Titan Aerospace Purchased By Google: Corporate Aerial Drones On The Way

Titan Aerospace is just one of the many companies Google has been purchasing over the last few months. Other recent purchases by Google include military robot maker Boston Dynamics and smart-home device manufacturer Nest. So far the price Google paid for Titan Aerospace has been undisclosed.

Titan Aerospace is noteworthy because they manufacture high-altitude solar-powered vehicles that are meant to fly for years at a time. The company is run by Vern Raburn who has worked at both Symantec and Microsoft in the past. The New Mexico based company employees about twenty people and will continue to operate in New Mexico after the buyout. The plan is for Titan Aerospace to work on Google’s worldwide Internet coverage initiative, Project Loon, and potentially do imaging for Google Maps.

“It’s still early days, but atmospheric satellites could help bring internet access to millions of people, and help solve other problems, including disaster relief and environmental damage like deforestation,” a Google spokesperson said in a statement to the Wall Street Journal.

According to Forbes, “Titan’s thin craft look somewhat like a dragonfly covered with solar cells and the company claims it can transmit data to the ground from heights nearly twice as far above the ground as the elevation most passenger airlines cruise at. Formed in 2012, the company has been developing two models of unmanned aerial vehicle, the Solara 50 and Solara 60 that are designed to stay aloft continuously for as long as 5 years.”

Just a few weeks ago Facebook announced the purchase of a similar drone manufacturer Ascenta. Facebook originally considered buying Titan Aerospace but bought Ascenta for $20 million instead. Facebook plans to use it as part of a planned worldwide Internet service initiative called internet.org.

Titan Aerospace
Titan Aerospace Drone

TechCrunch reports, “Both Ascenta and Titan Aerospace are in the business of high altitude drones, which cruise nearer the edge of the earth’s atmosphere and provide tech that could be integral to blanketing the globe in cheap, omnipresent Internet connectivity to help bring remote areas online.”
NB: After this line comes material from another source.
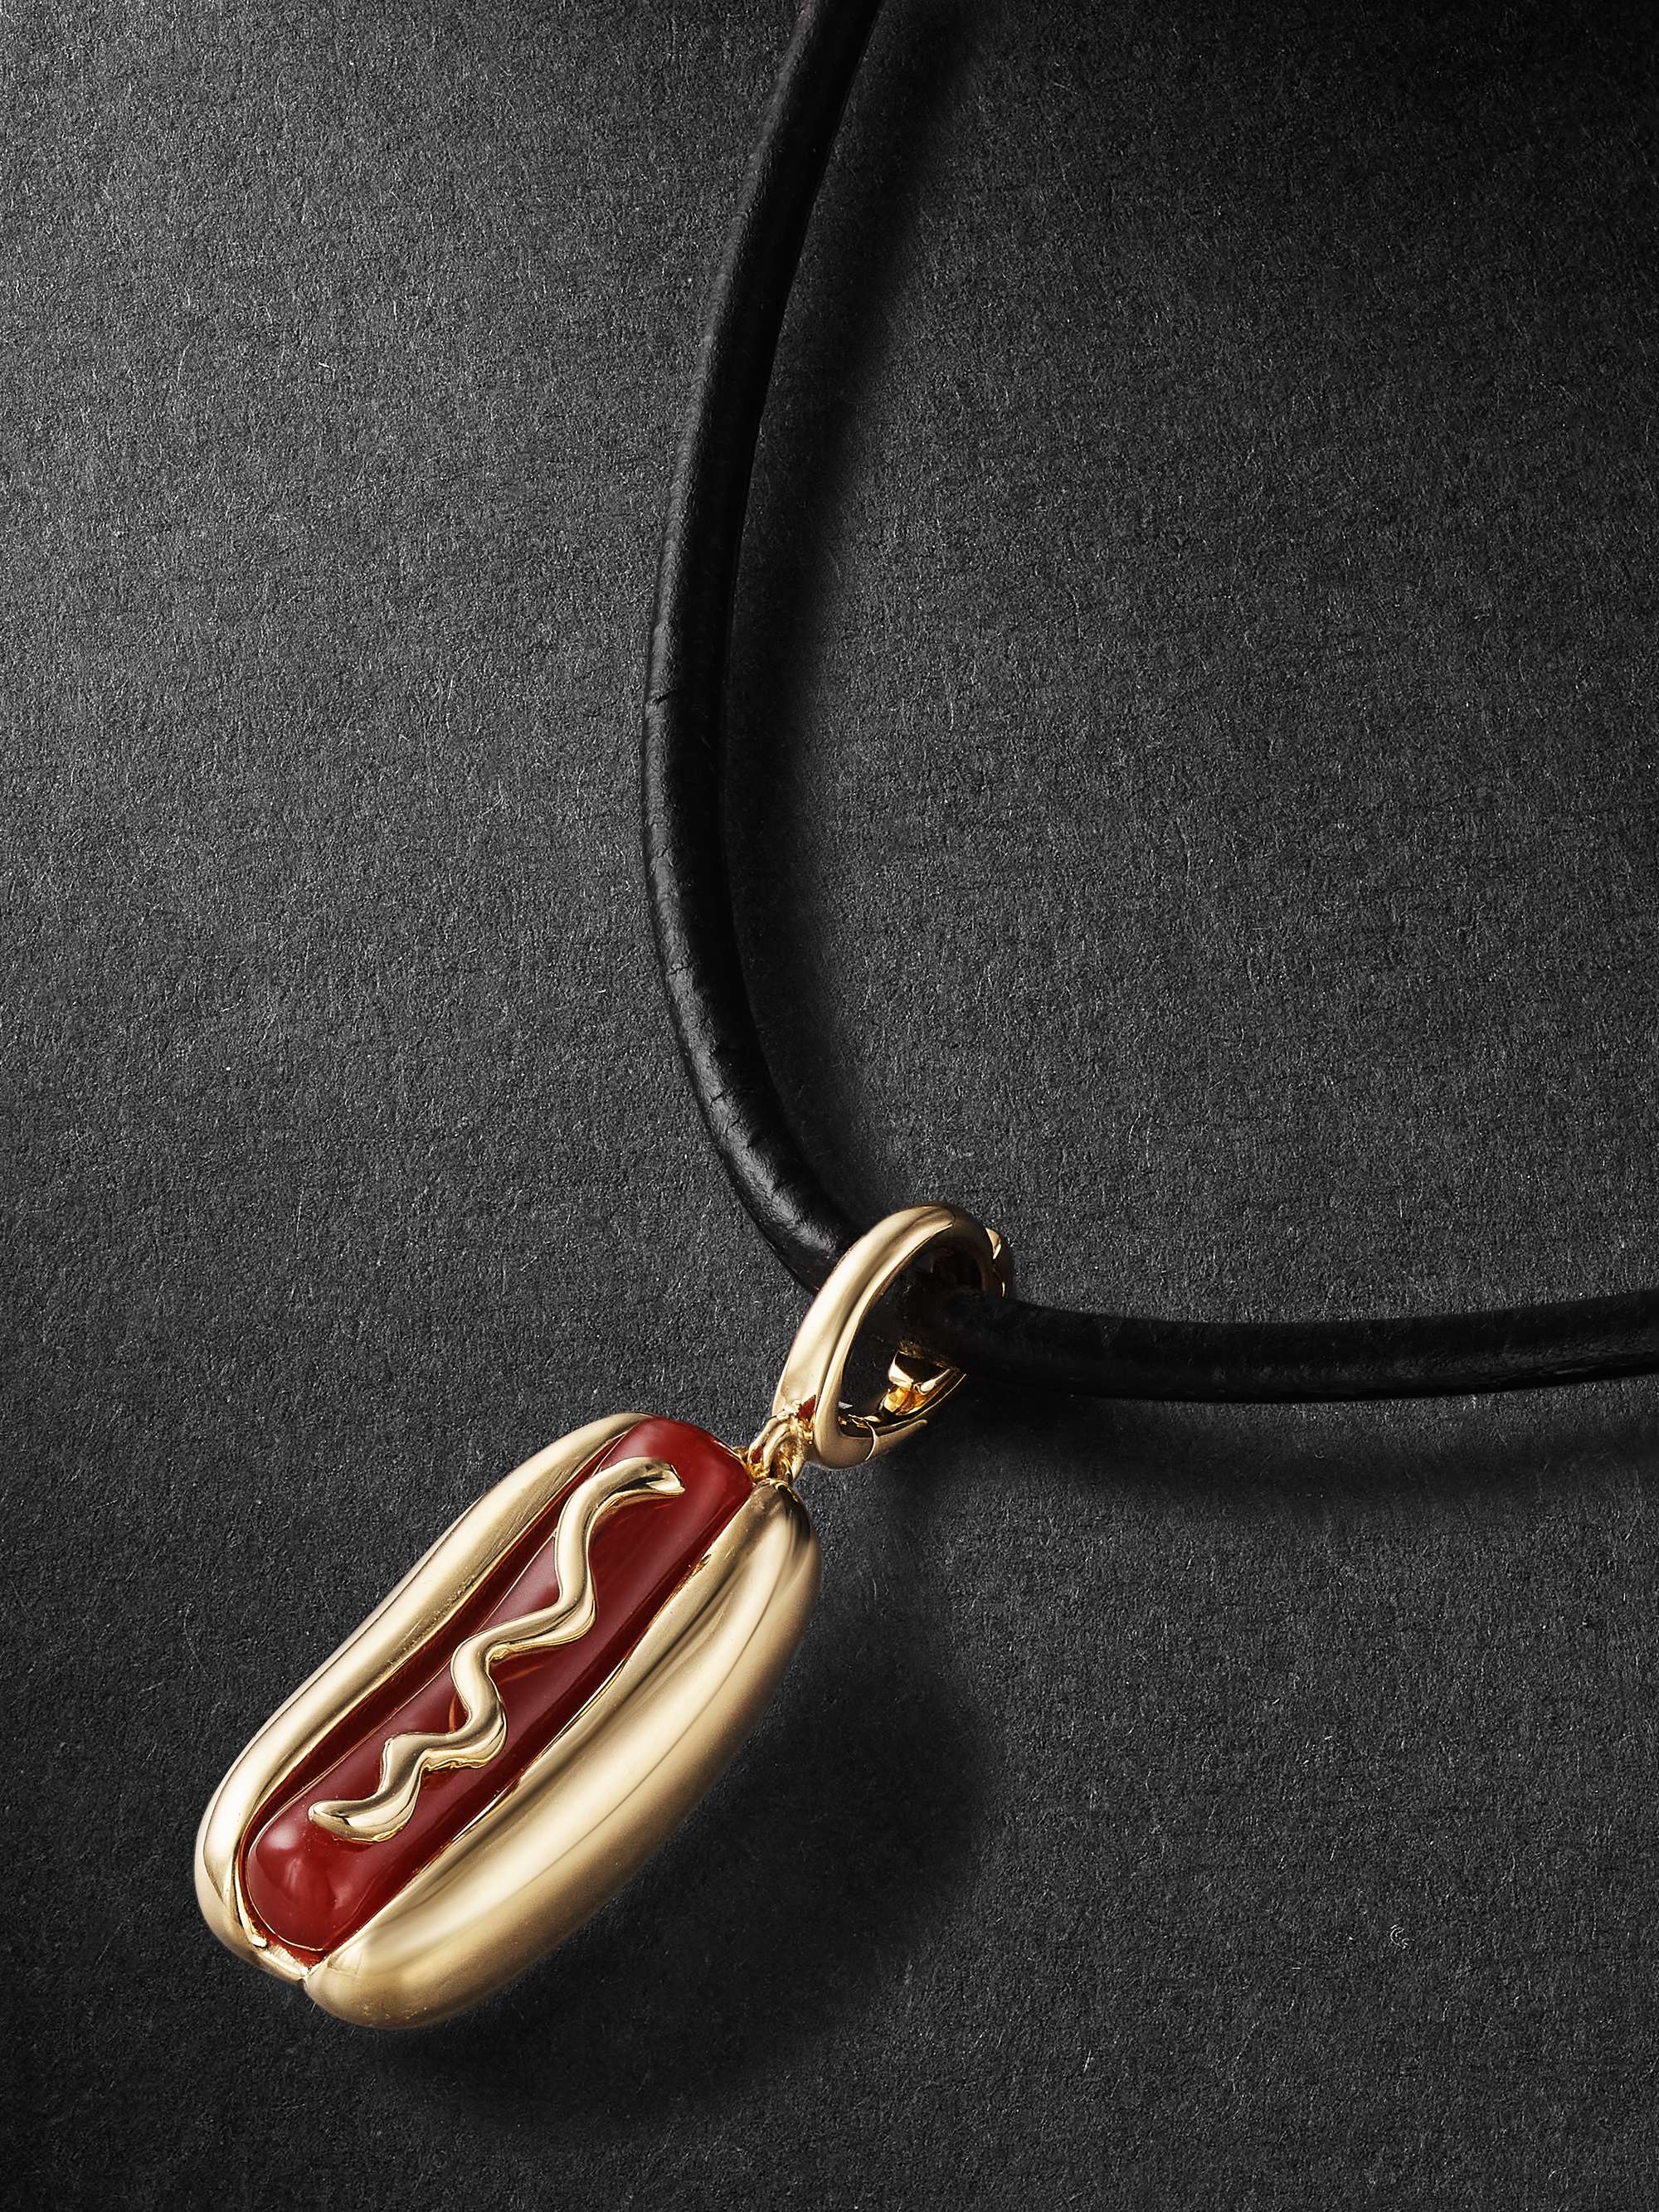 ANNOUSHKA Hot Dog 18-Karat Gold and Agate Necklace Pendant

Google’s purchase of Titan Aerospace gives them a step forward in its ongoing acquisitions competition with Facebook. Drones are becoming a standard business practice these days. Amazon is doing independent research on how to build drones as well.

Titan Aerospace plans to begin operations beyond the planning stage in 2015, and it could be a few years after that before Google services start to change in any significant way because of the drones.

In the very near future corporate high-altitude aerial vehicles, like the ones manufactured by Titan Aerospace, will be gliding above.